Stopping on Dirt: Deore XT 4-Piston Brake

Stopping on Dirt: Deore XT 4-Piston Brake

When I think of bicycles, and what I find exciting about them, at least, about the machine itself, my short list of favorite attributes doesn’t include brakes. I suspect I’m not alone. It’s pretty easy to get excited about the frameset, about the control levers, about the wheels, but the brakes? Nah.

But honestly, the brakes are no less important, and arguably more important than the most up-to-date drivetrain. Seriously; after you stop shaking your head, hear me out.

I got up hills just fine on 9-speed drivetrains. I did two weeks in the Alps with a Shimano 105 triple group and it gave me every gear I could need; the 30×27 low gear enabled me to work my way up impatient grades in the Chartreuse, even with legs that were more taxed than a Danish doctor. But here’s the thing: those brakes? Holy cow. You couldn’t pay me to ride them again.

Even the brakes on the Dura-Ace group of that era came up short on ambition. I remember this because they were noticeably less powerful than the original dual-pivot calipers introduced with the D/A 8-speed group. Those things were so powerful some tandem makers were spec’ing them on their bikes and after they were discontinued there was a run on those no less fierce than a discontinued M-series from BMW.

 

Some will argue that braking isn’t an absolute, it is the result of a foundational philosophy, an existential response to the fact that when you go for a ride the last thing you want to do is stop, amiright? And somehow, engineers who didn’t think we could develop the muscle memory necessary to control a brake decided that they would save us from ourselves. Or something.

I’ll never forget my experience of talking with a representative of the venerable Campagnolo who told me that 1980s-era Super Record were meant to modulate speed, not stop on a dime. The thinking, such as it was, had concluded that too powerful a brake would spray havoc through the peloton with crashes caused by overreactive riders braking too hard. Shimano hedged its own bets on brake power with its Servo Wave insert in many mountain bike brake levers. Servo Wave flattened the brake power curve, meaning the harder you pulled, the harder you had to pull to increase braking power. (Servo Wave made a reappearance in hydraulic discs in a way that makes great sense: initial pad movement closes the distance to the rotor with relatively little lever movement and then the Servo Wave slows pad movement to allow more appropriate brake power and modulation. The design helps prevent brake drag.)

This season, for the first time in my life, I believe that between my gravel riding and my mountain biking, I’ve actually ridden more miles on dirt than I have on pavement. No matter what bike I’m riding, no matter where I’m riding, any brake that gives me less braking power than I’d like for the conditions at hand will frustrate me. I end up riding slower.
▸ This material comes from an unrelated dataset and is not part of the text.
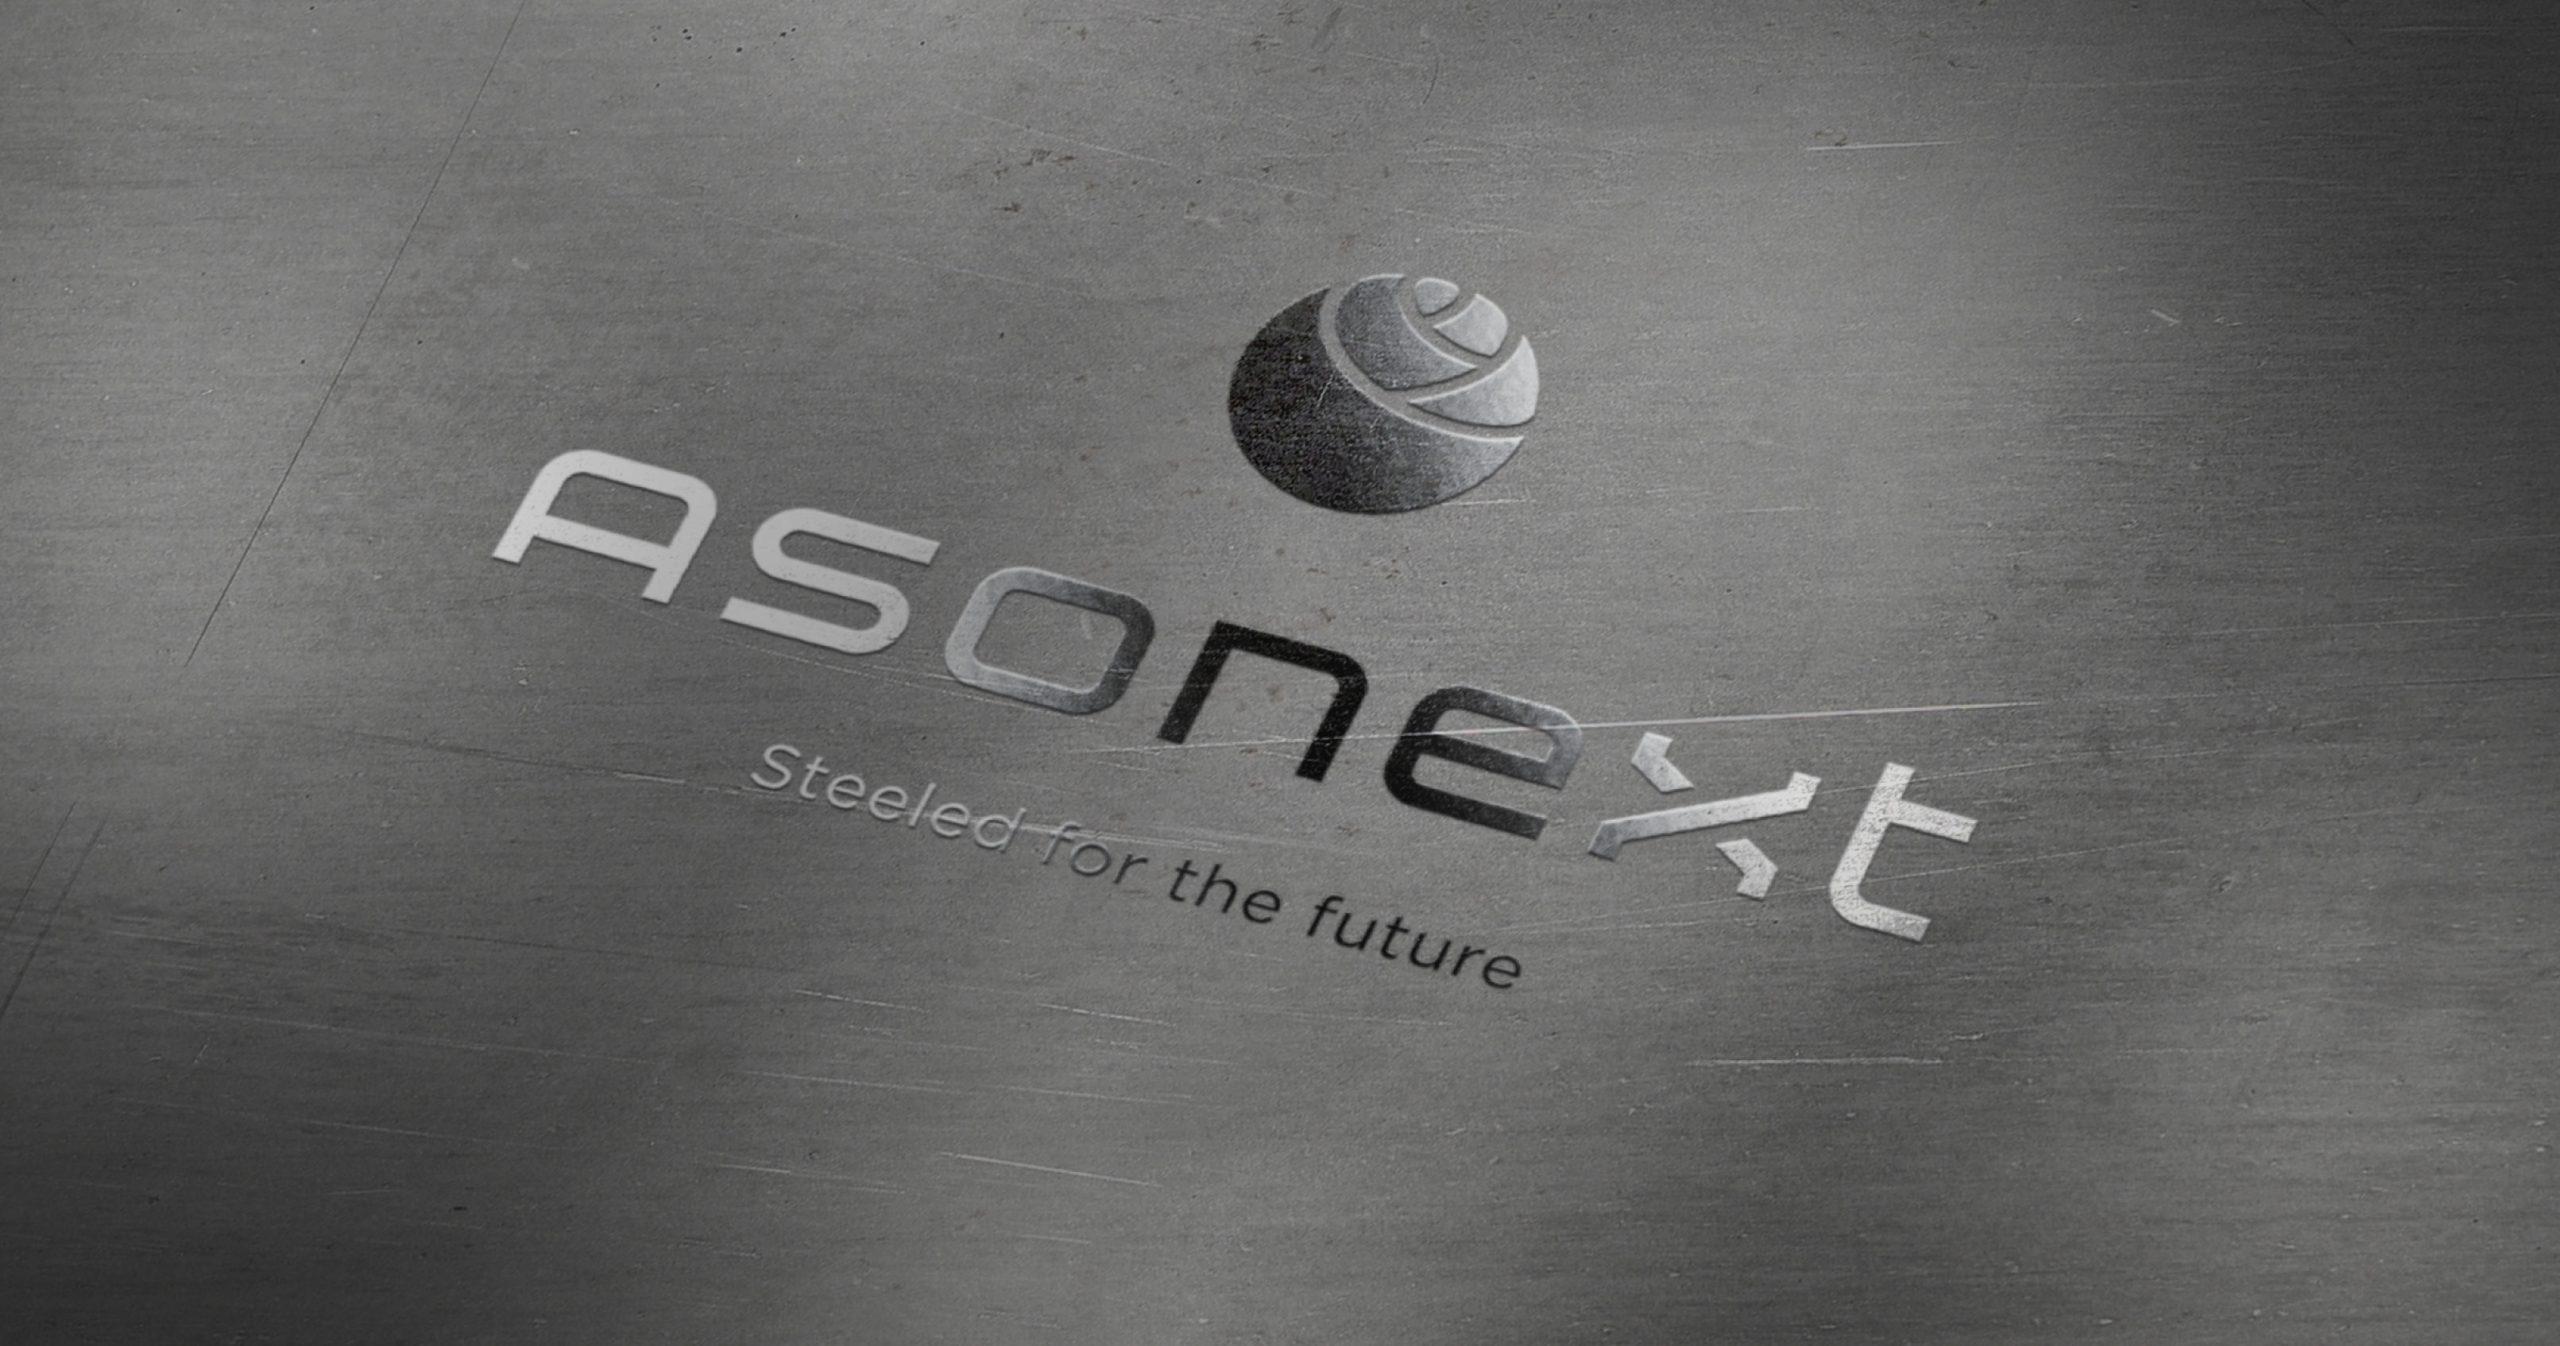 Asonext

I hereby submit a braking absolute: in the quest for speed, braking as late as possible and as hard as possible without breaking a tire free is the goal. I don’t want to brake any sooner than I absolutely have to and my ability to let the bike run, no matter what the terrain at hand is. If I know I can get the bike under control in an instant, I can actually release the levers at times. The longer my sense of stopping distance, the more likely I am to just drag my brakes out of self-preservation. It’s the same as fat, dumb and stupid: no way to go through life. (Apologies to Dean Wormer.)

Which brings me, more than less, to the Deore XT 4-piston brake released over the winter. I’ve now had a solid four months of riding it on trails I know intimately. I’ve been running it with 180mm rotors.

Shimano’s website says that the new 4-piston brake increases braking power over the 2-piston brake by just 10 percent. I trust Shimano to tell me the truth about their products; their history is strong. However, I flat-out don’t believe this claim; I’ll get to why soon enough.

The 4-piston brake uses a notably larger pad than it’s 2-piston sibling as well as a different hose and banjo bolt, though the lever is exactly the same. While I’ve seen some 4-piston brakes that feature identically sized pistons, on these the forward piston is 17mm in diameter while the rear is 15 mm in diameter. You can buy just the caliper or the caliper with pre-bled hose and lever. My favorite among the purchasing options? That you can purchase just one brake.

You may have noticed that I didn’t say that a brake can’t be too powerful. I argued that as long as you weren’t breaking a tire free, that any brake that allowed you to brake later and harder was better. That leads me to my one caveat regarding this brake. While Shimano’s web site claims that the new brake is 10 percent more powerful than the 2-piston version, my own riding and comments made by colleagues leads me to think this brake is more like 20-25 percent more powerful.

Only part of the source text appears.